Um, well, perhaps the Wichita State University engineering researchers who have been looking into ways that hospitals can save money on energy might need to educate themselves a bit more about imaging. A Wichita State news release about the energy-efficiency endeavor suggests that “for some patient conditions, the same diagnosis can be made with interchangeable, lower-energy tests, such as a CT scan instead of an MRI, which reduces hospital energy use.”

A CT scan and an MRI are “interchangeable”? The image gently folks and others who are concerned about radiation exposure from medical imaging might disagree with that characterization.

imagingBiz, in a masterpiece of understatement, said the suggestion “creeps delicately into the clinical decision-making realm” and challenged Michael Overcash, PhD, one of the lead researchers, about it. Dr. Overcash responded:

We use the American College of Radiology ranking system of imaging equipment for each patient condition they list. Only if two machines are rated as the best do we say there is a choice available. In actuality, the imaging community must identify where they believe there are alternatives, and then our research can help them seek the one with a better environmental impact.

Dr. Overcash was quoted by imagingBiz on Wednesday. He and Janet Twomey, PhD, both professors of industrial and manufacturing engineering, led the energy-efficiency team. They worked with the Robert J. Dole VA Medical Center, the Wesley Medical Center, and Cypress Women’s Imaging, all of Wichita, Kansas.

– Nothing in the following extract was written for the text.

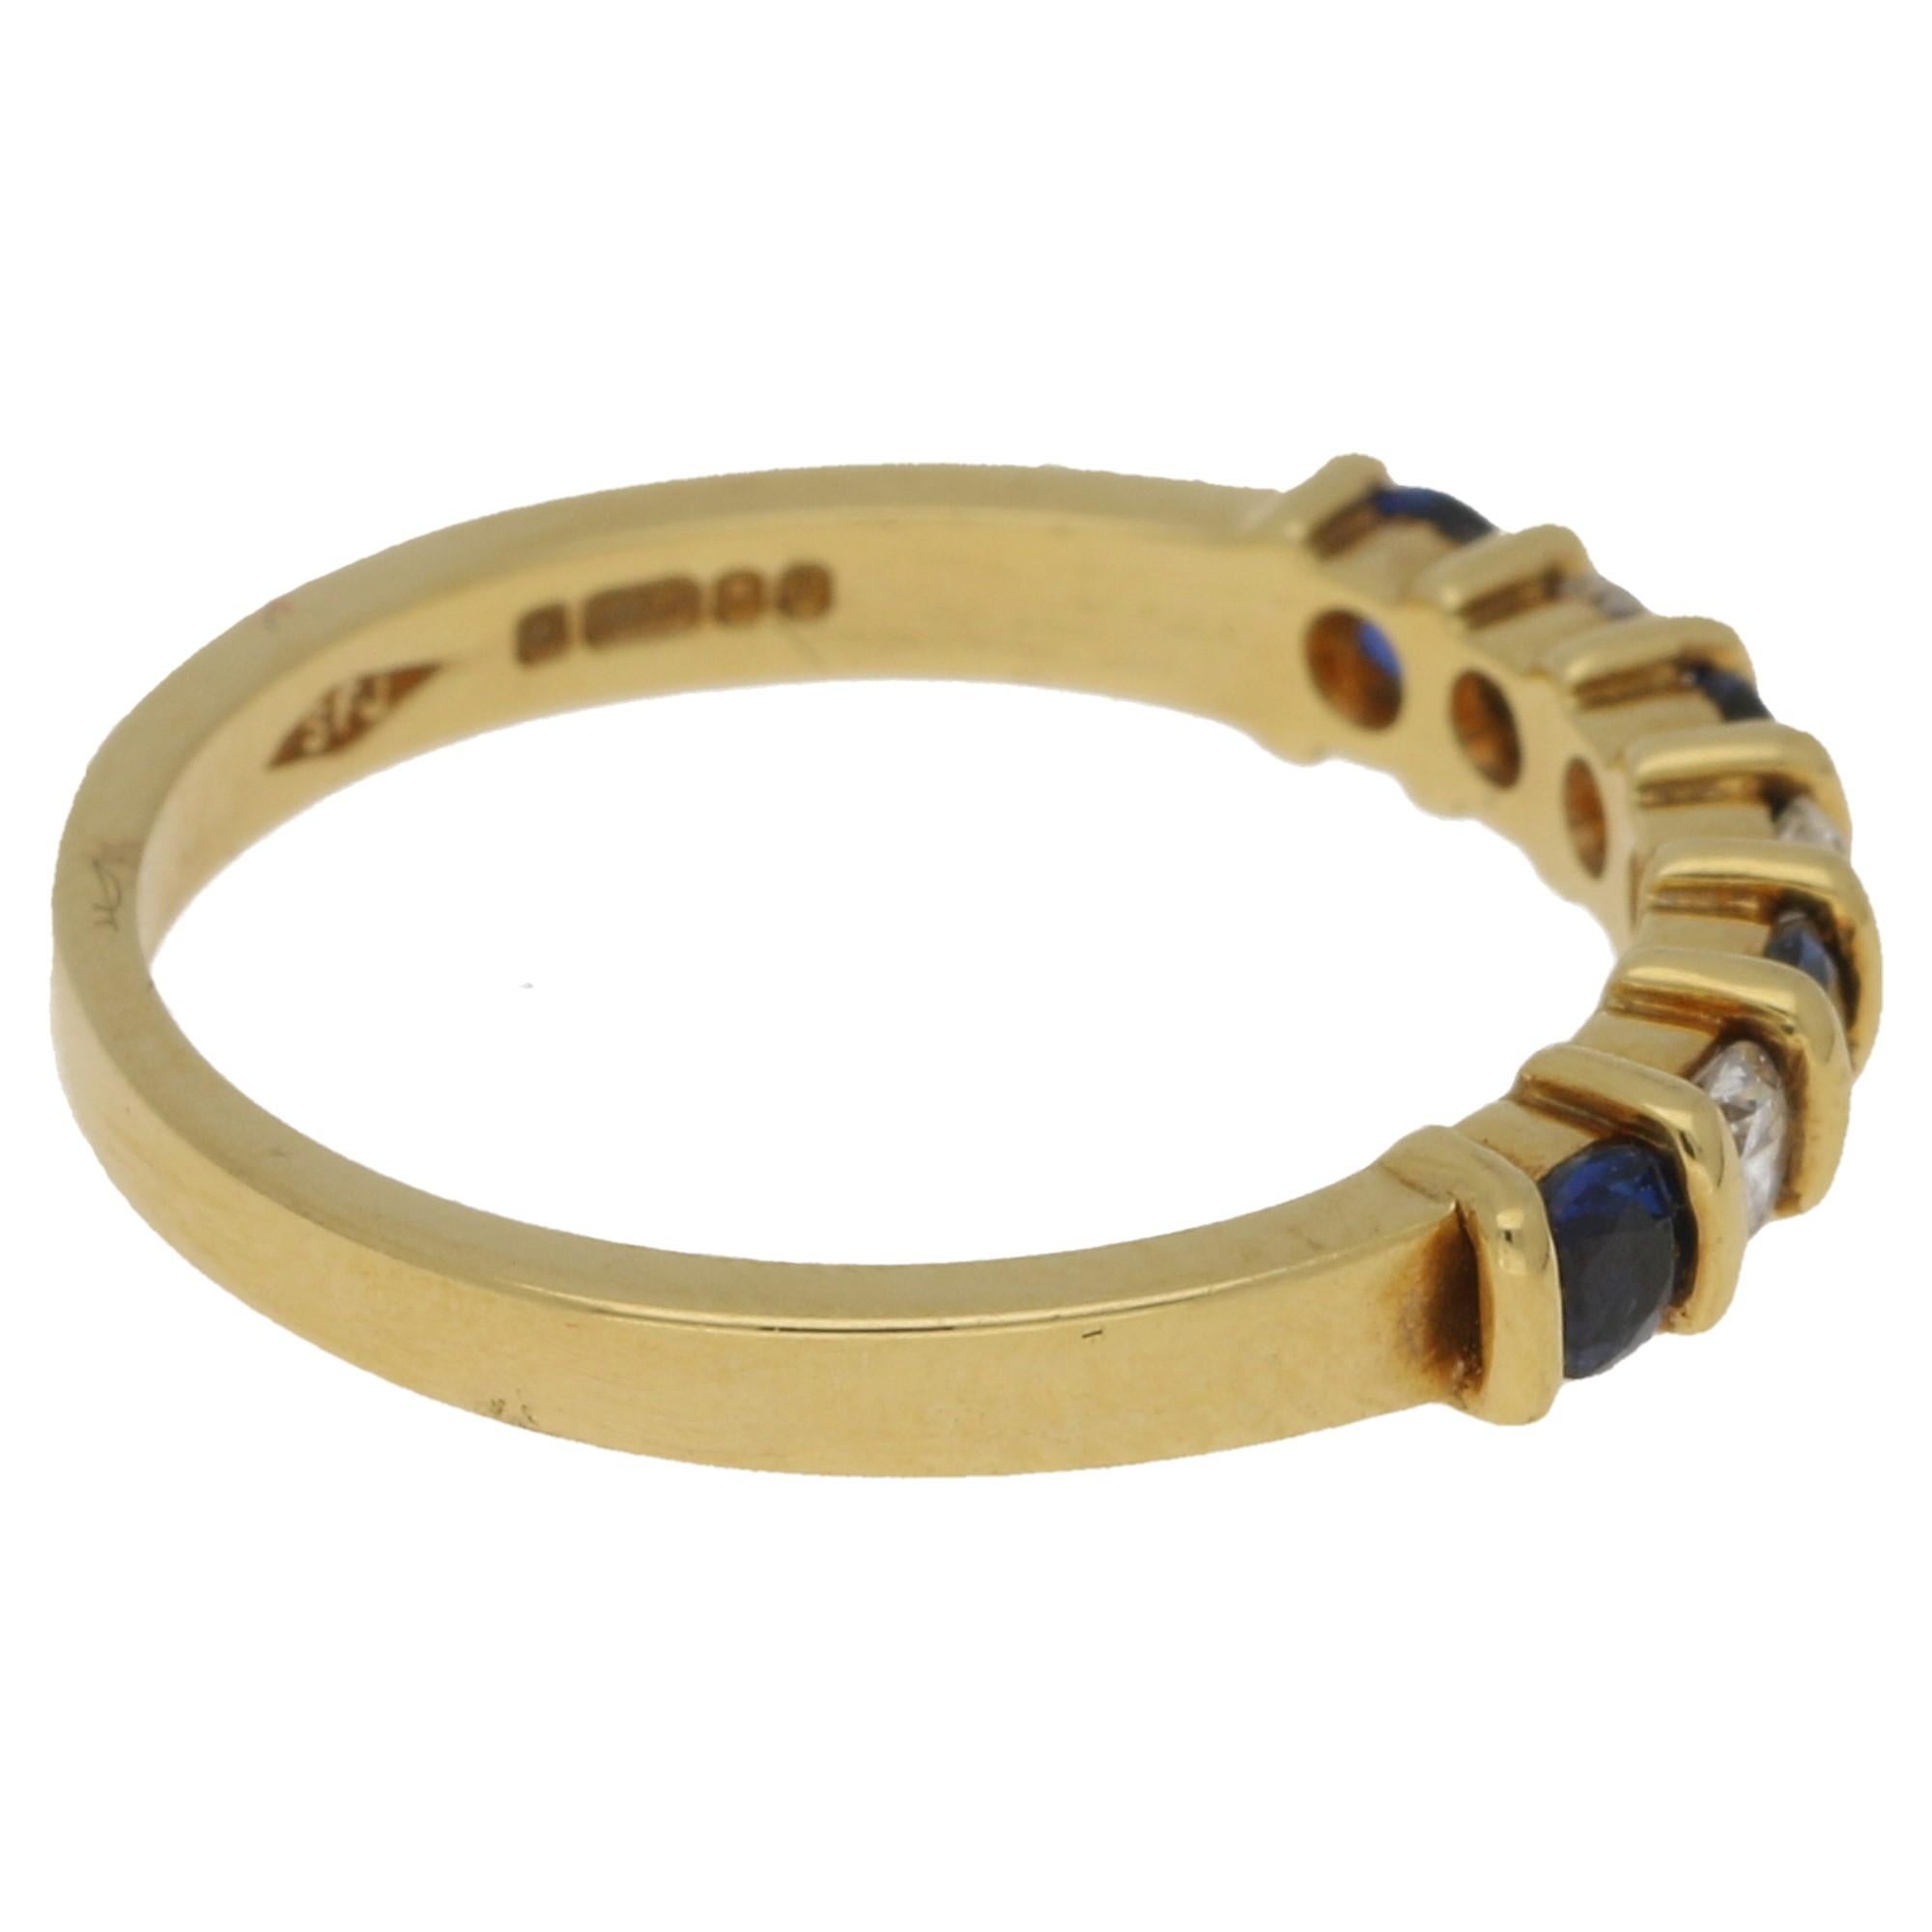 An 18ct yellow gold sapphire and diamond set half eternity ring, Comprising of three round brilliant cut diamonds and four round cut sapphires. Stamped '750' for 18 karat gold. Ring size is presently a K 1/2, this can be adjusted to your finger size.

We certainly agree that it’s a good idea to examine possible ways to reduce energy use. And smart, highly educated academics are a valuable resource for such an examination. But the Wichita State news release says the team worked with the Wichita hospitals and clinic “to help their radiology departments understand how energy is used for CT scans, MRIs, X-rays, and ultrasounds.”

The researchers might also have taken a little more time to understand how CT scans, MRIs, X-rays, and ultrasounds are used to help patients.

Related seminar: ALARA – CT (As Low As Reasonably Achievable)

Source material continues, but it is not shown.